Supplied material
<<<<
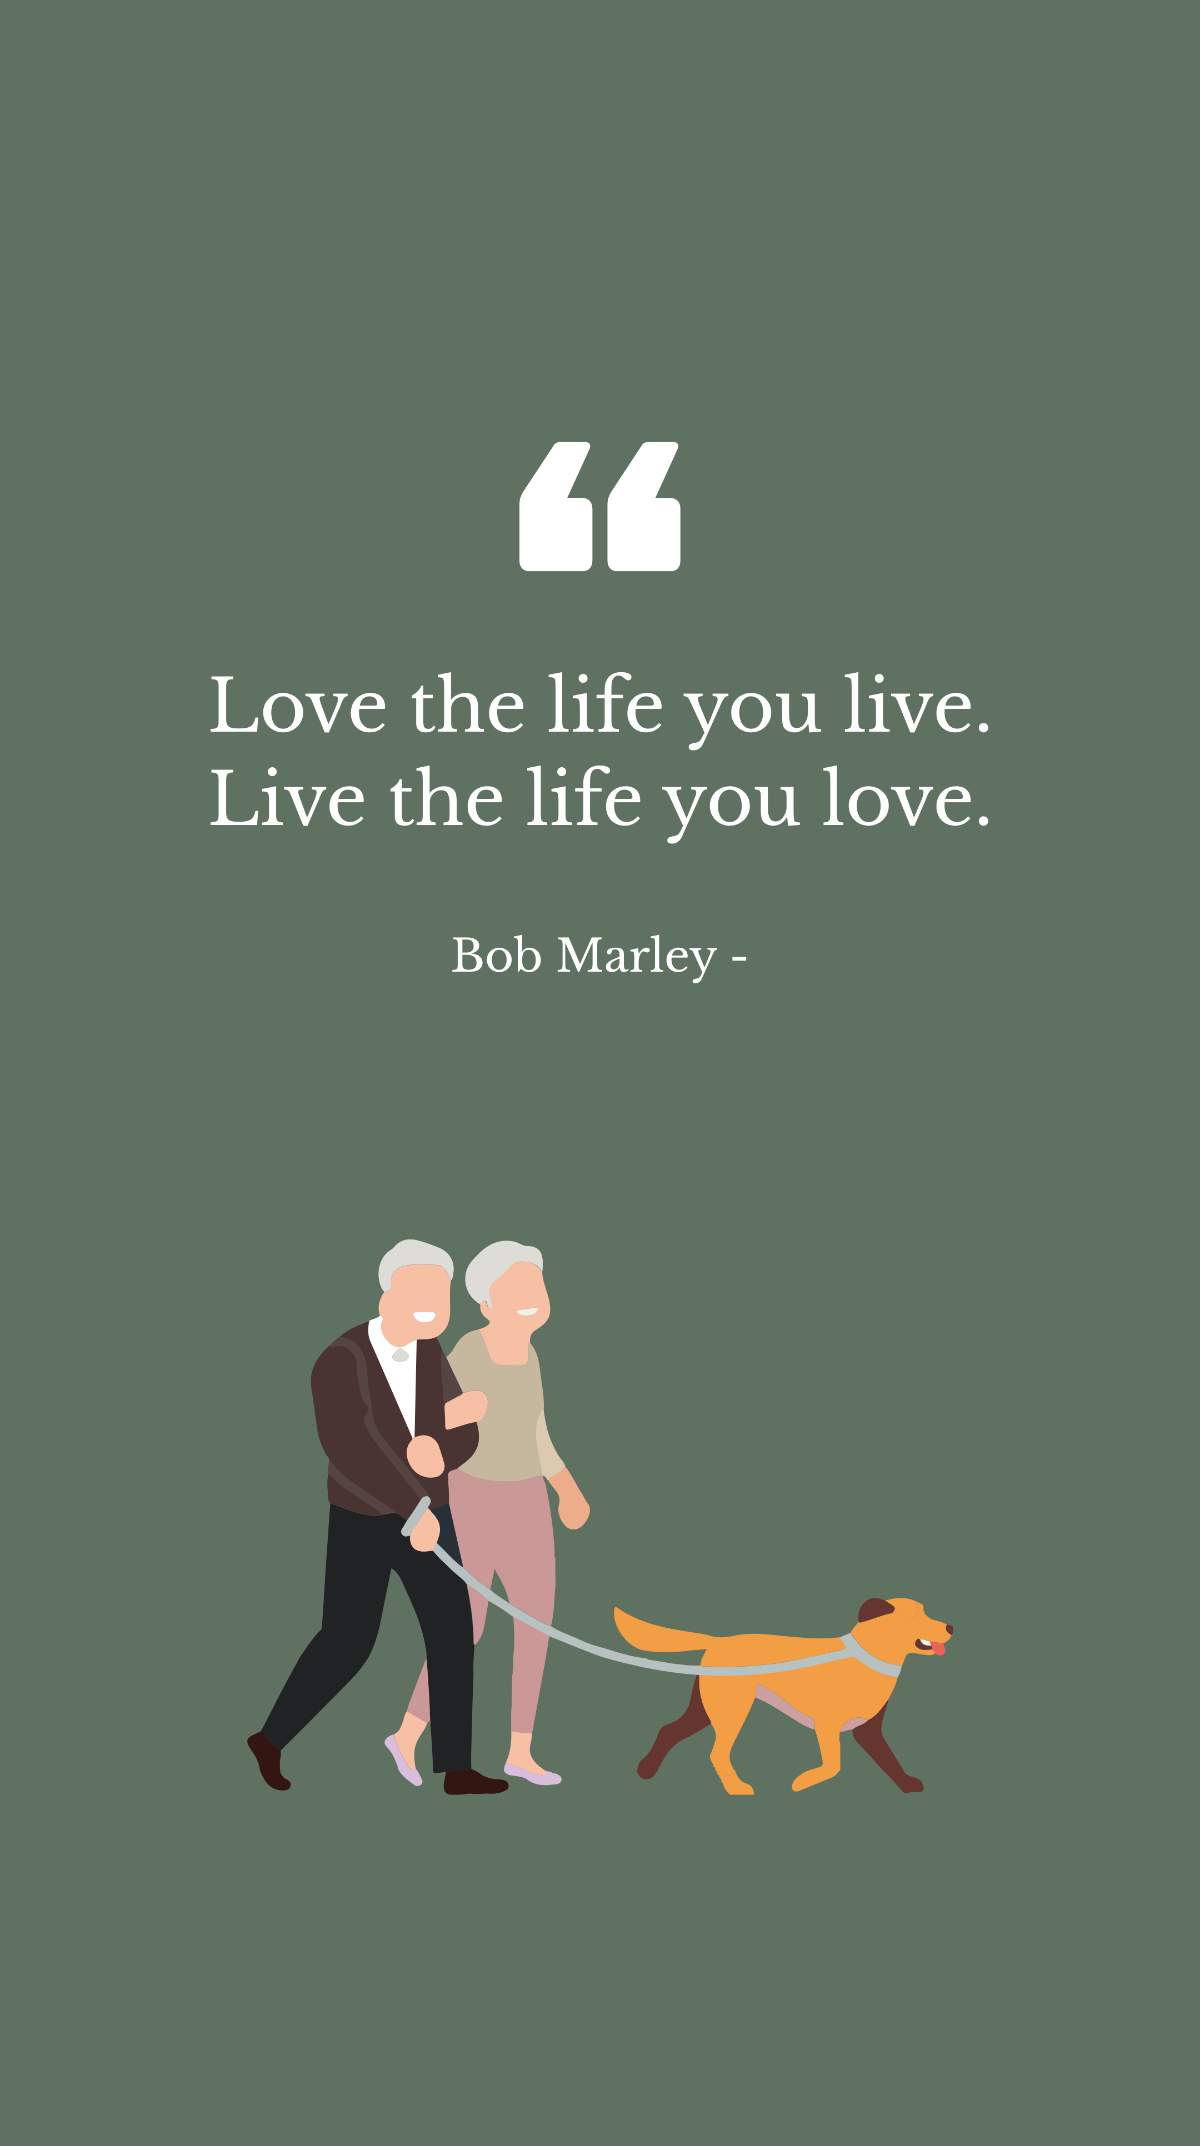 Bob Marley - Love the life you live. Live the life you love. Template
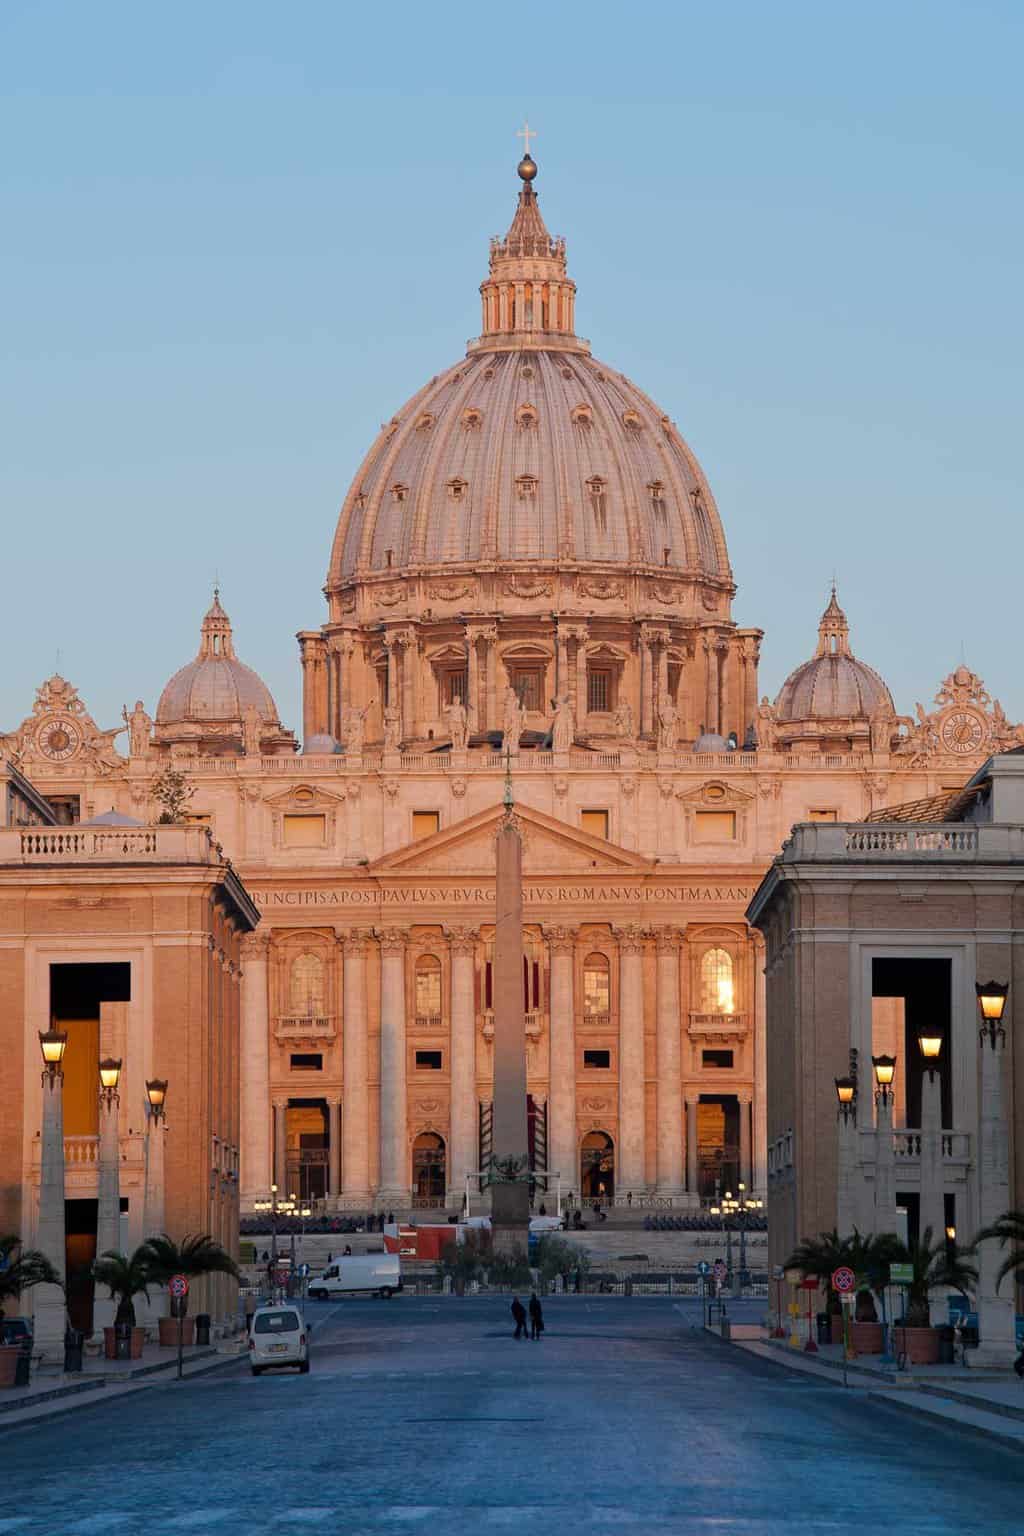 The exterior of St Peter's Basilica bathed in a light pink glow at sunrise.
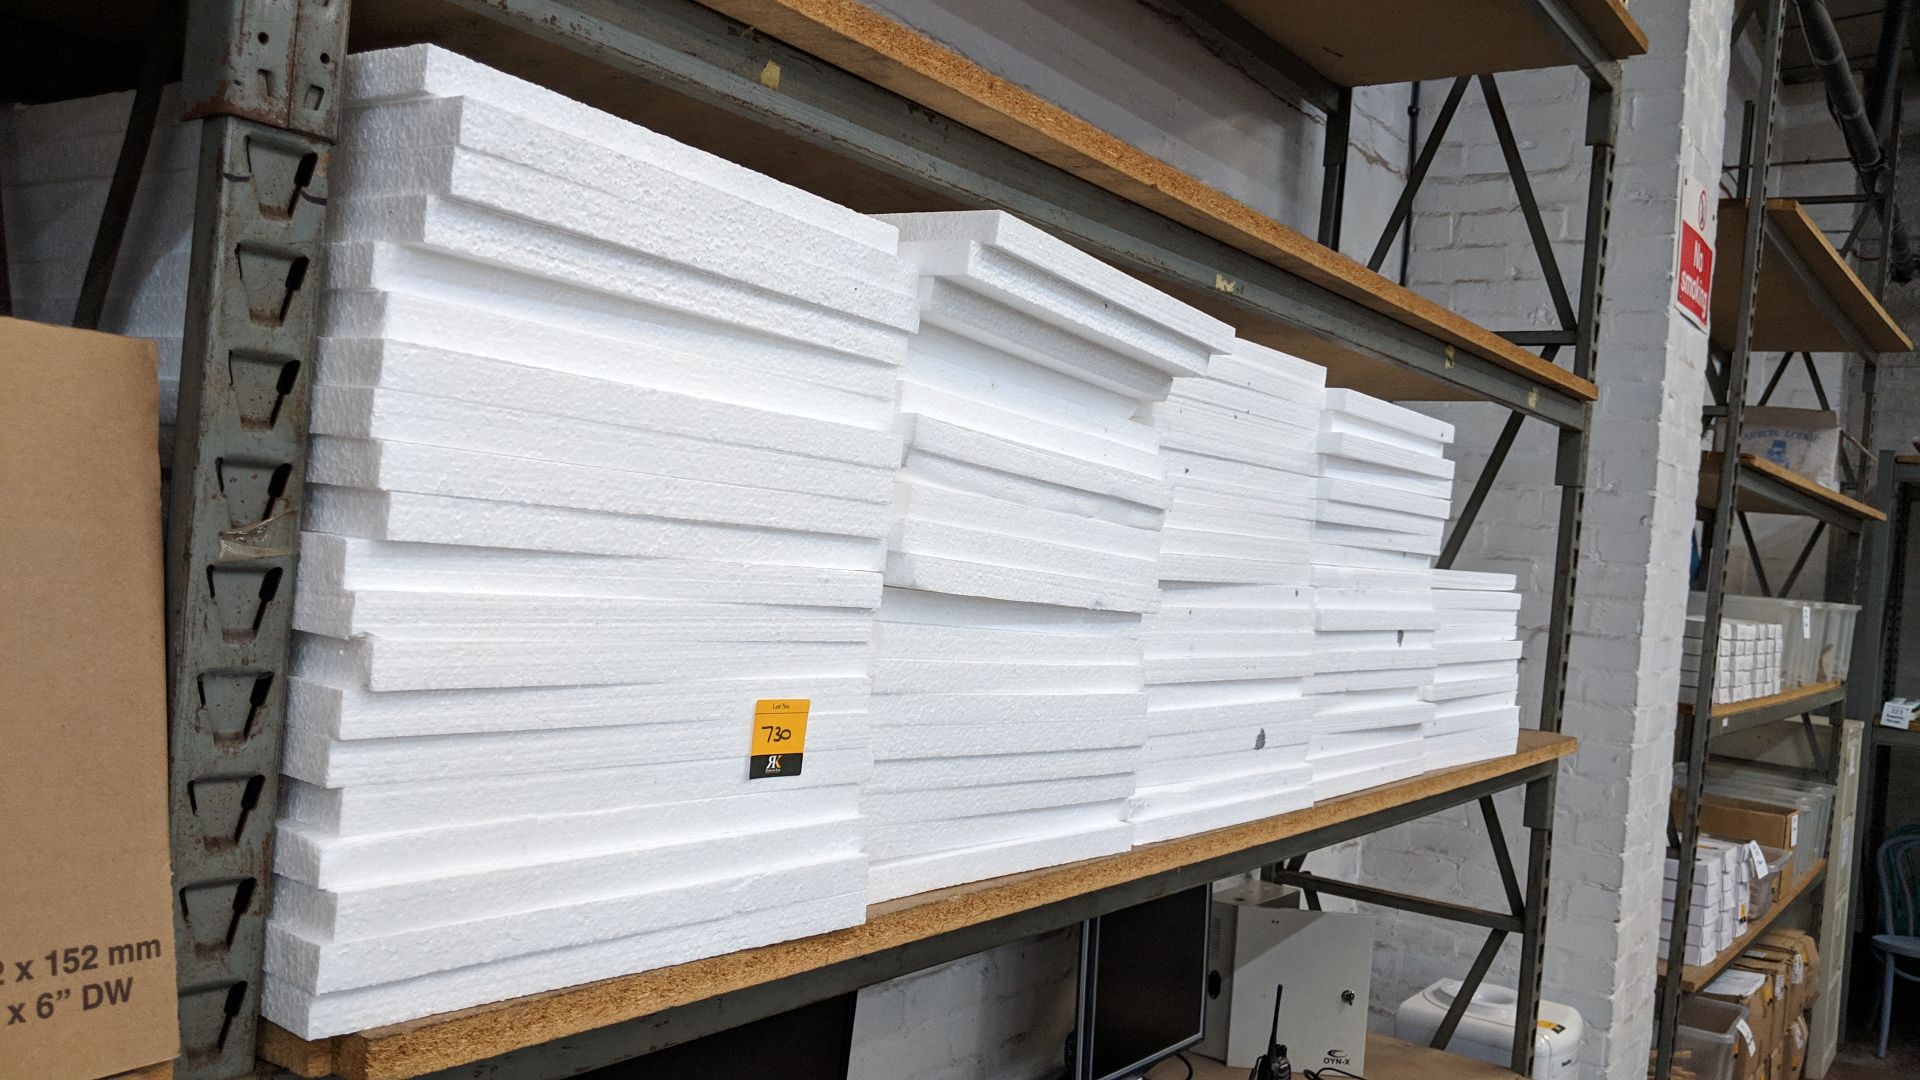 The contents of a bay of polystyrene sheets, in 5 stacks, each sheet measuring approximately 600mm x - Image 2 of 4
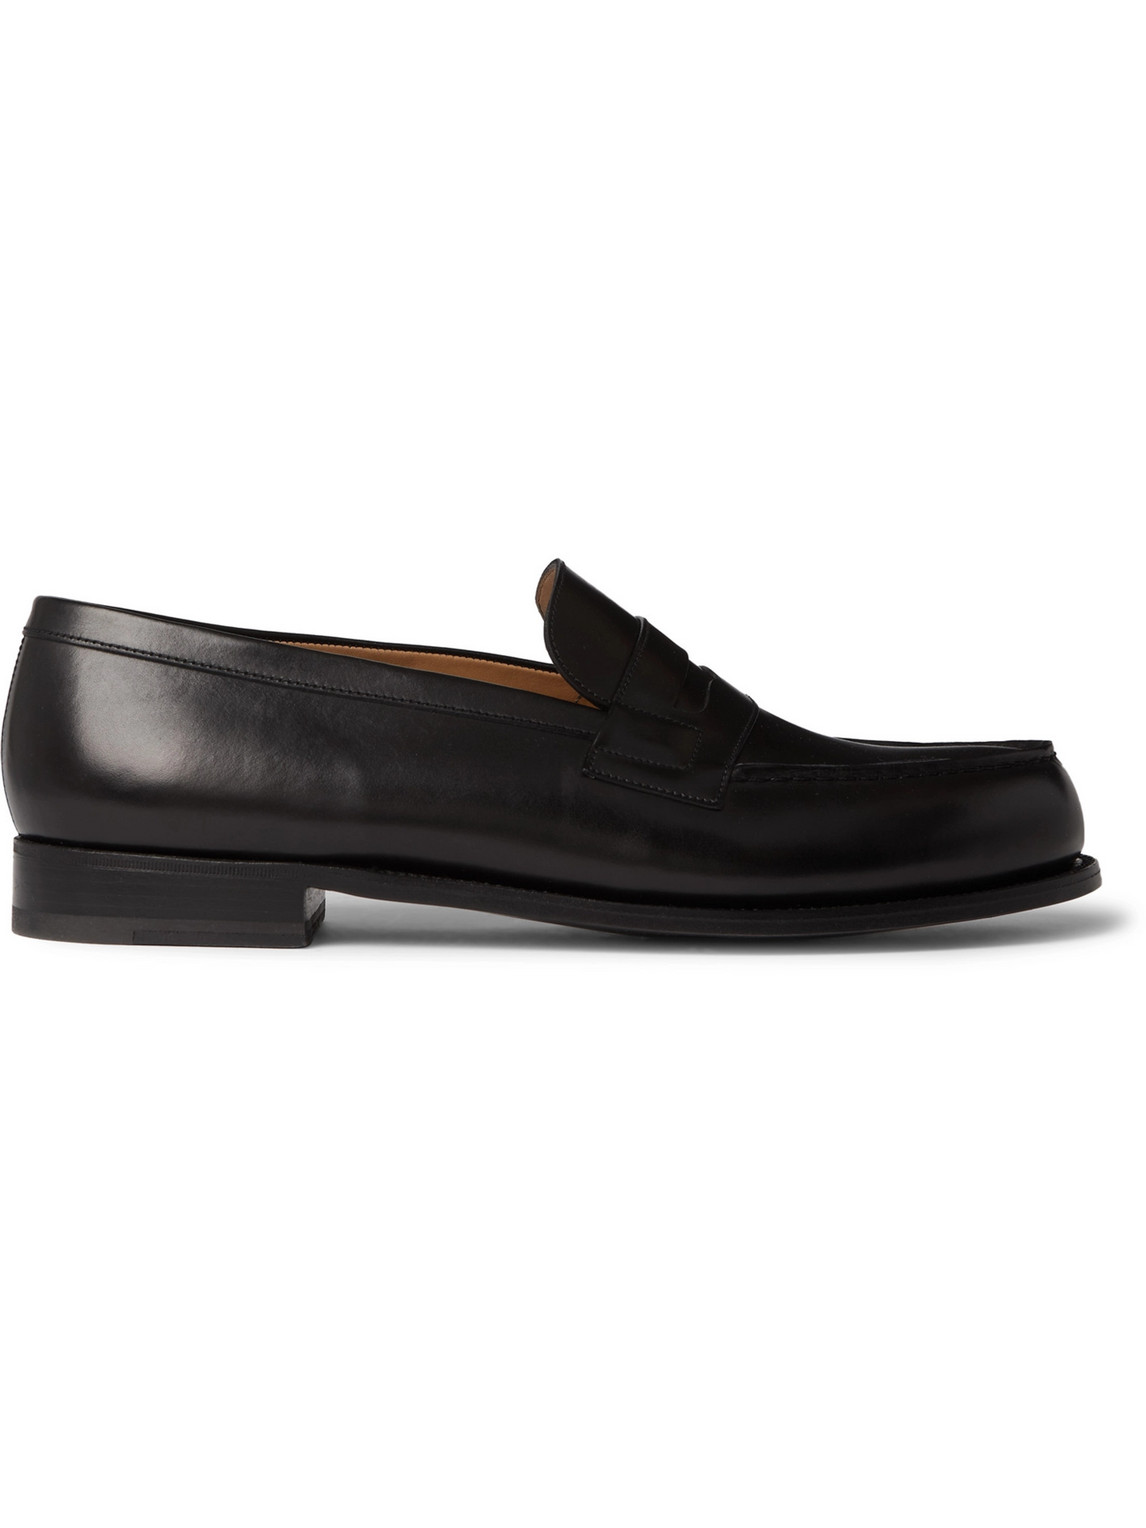 J.m. Weston 180 Moccasin Leather Loafers In Black
>>>>
Prompt
Everything in the data except the pictures should be restated word for word.

Exercise output
 Bob Marley - Love the life you live. Live the life you love. Template
 The exterior of St Peter's Basilica bathed in a light pink glow at sunrise.
 The contents of a bay of polystyrene sheets, in 5 stacks, each sheet measuring approximately 600mm x - Image 2 of 4
 J.m. Weston 180 Moccasin Leather Loafers In Black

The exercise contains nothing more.